Question: edgeR direction of expression and sign of Log Fold Changes
0
ilyco60 wrote:

Hi,

I used edgeR for differential expression analysis with 5 conditions relative to the baseline condition.

The design was a simple linear model with the condition factor variable re-ordered so that the baseline is the first value. The code was the following:

``````design <- model.matrix(~ condition, data = y\$samples)
y <- estimateDisp(y, design, robust=TRUE)
fit <- glmFit(y,design)
conditionA_minus_base <- glmTreat(fit, coef = "conditionA", lfc = minlfc) ### coefficient corresponds to A - baseline
up_A <- rownames(y)[decideTestsDGE(conditionA_minus_base, p.value = pvalue, adj = "fdr") == 1]
down_A <- rownames(y)[decideTestsDGE(conditionA_minus_base, p.value = pvalue, adj = "fdr") == -1]
``````

However, when I checked the genes down-regulated, they are enriched for many terms which are known to be up-regulated. All in all, directions seems reversed for a large majority of genes. I checked labeling and pre-processing steps many times. Could you please let me know if the 1 and -1 values should be the other way around?

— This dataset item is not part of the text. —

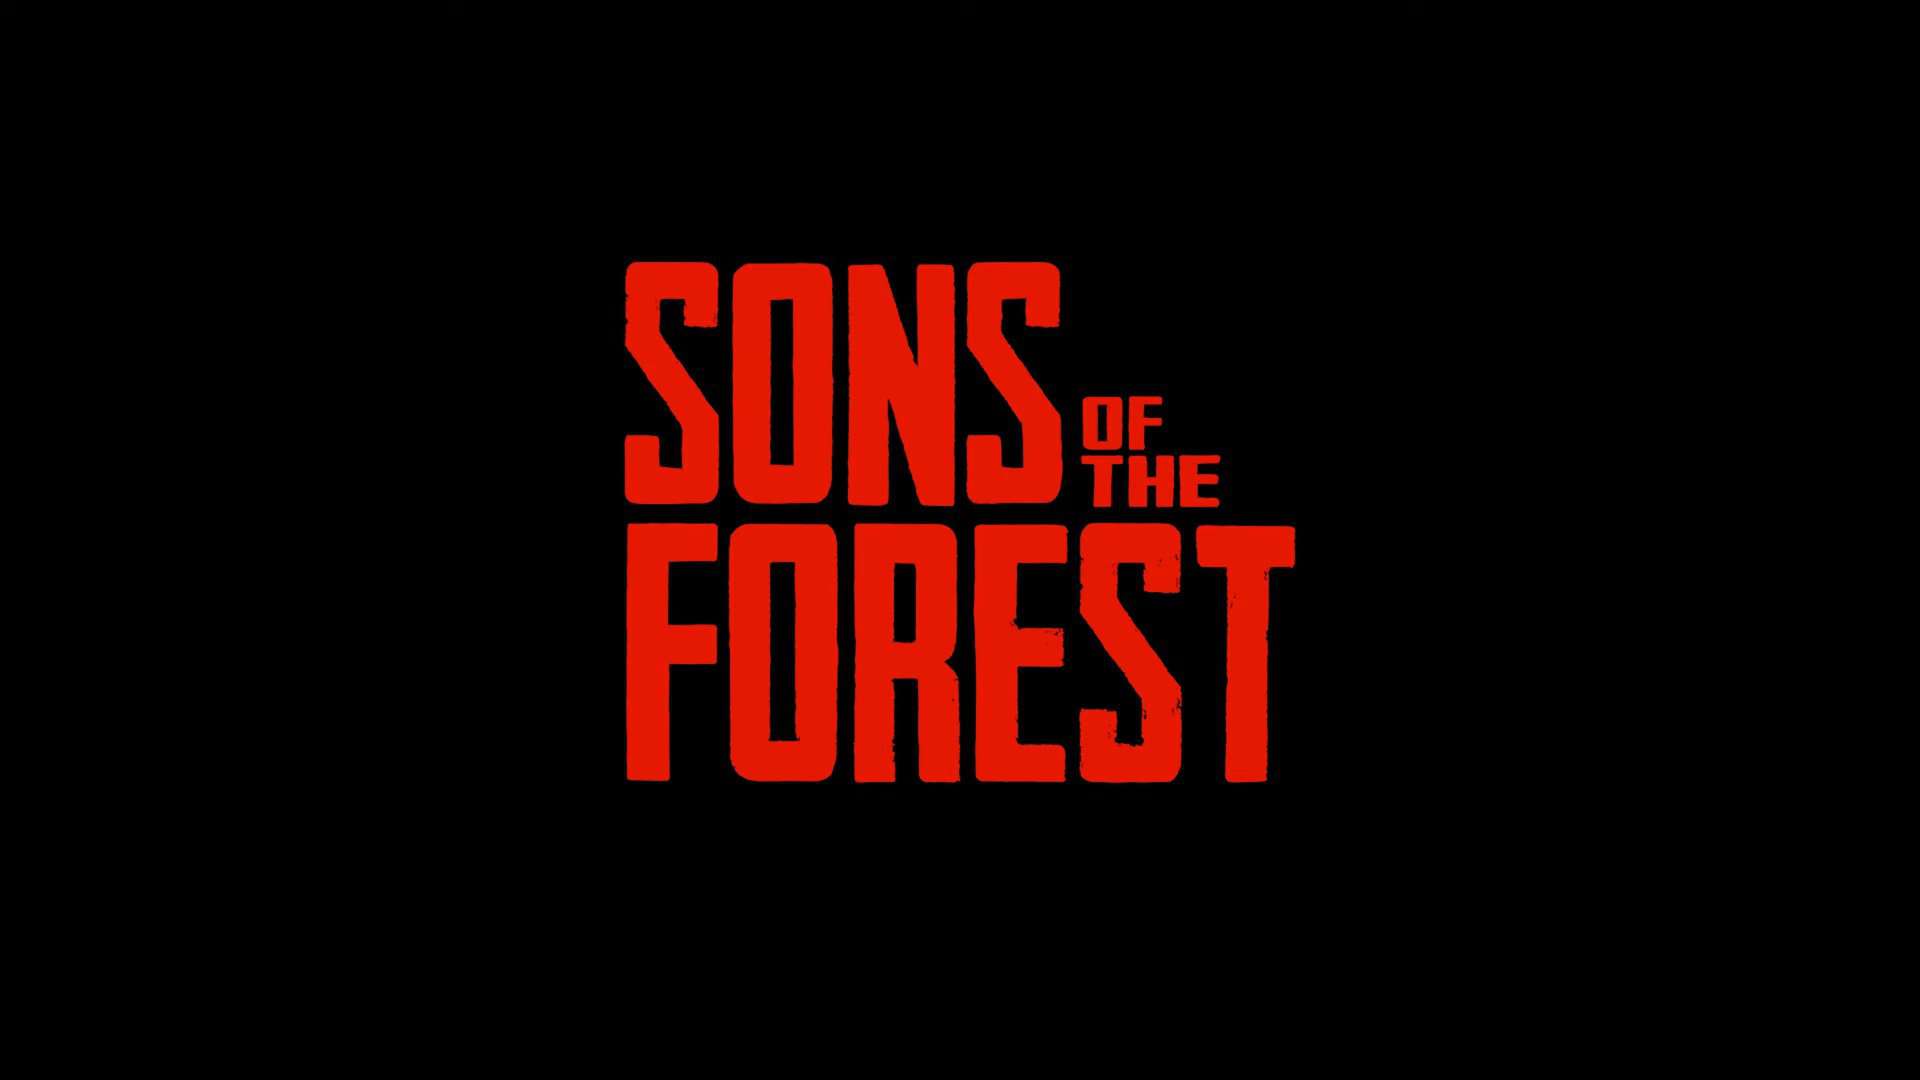 Sons of the Forest update 01: full patch notes - Video Games on
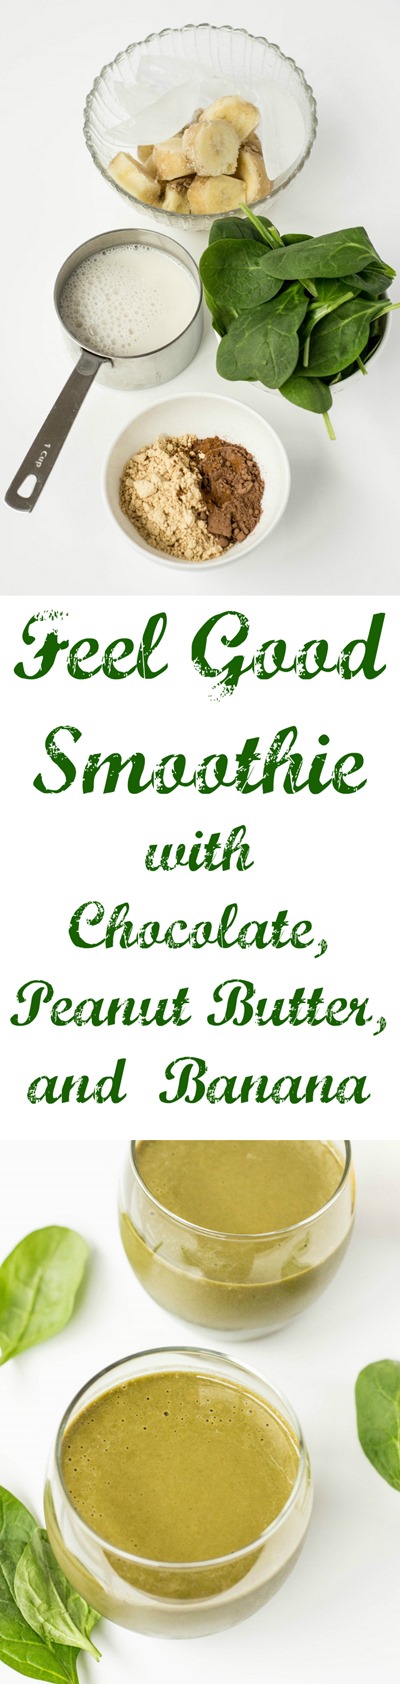 Chocolate Peanut Butter Banana Smoothie- so healthy and SO good! #ad

I tested two designs against each other:

``````design1 <- model.matrix(~ condition, data = y\$samples)
design2 <- model.matrix(~ 0 + condition, data = y\$samples)
``````

Results are the same from:

`````` conditionA_minus_base1 <- glmTreat(fit, coef = "conditionA", lfc = minlfc) ### coefficient corresponds to A - baseline
conditionA_minus_base2 <- glmTreat(fit, contrast = c(-1,1,0,0,0,0), lfc = minlfc)
``````

where contrast = c(-1,1,0,0,0,0) coresponds to -1Baseline + 1 Condition A

Thank you.

lfc edger rna-seq R • 2.2k views
modified 4.5 years ago by Gordon Smyth2.1k • written 4.6 years ago by ilyco60

As long as the ordering is correct then what you're doing should work. The most common mistake here is when making the `condition` column in `y\$samples`. Triple check that nothing is swapped there (hint: if you aren't already, load this from a text file).

0
Gordon Smyth2.1k wrote:

You code looks correct. Your `up_A` does contain genes up-regulated in condition A vs whatever you set for the reference level of 'condition', and `down_A` does correspond to down-regulated in condition A.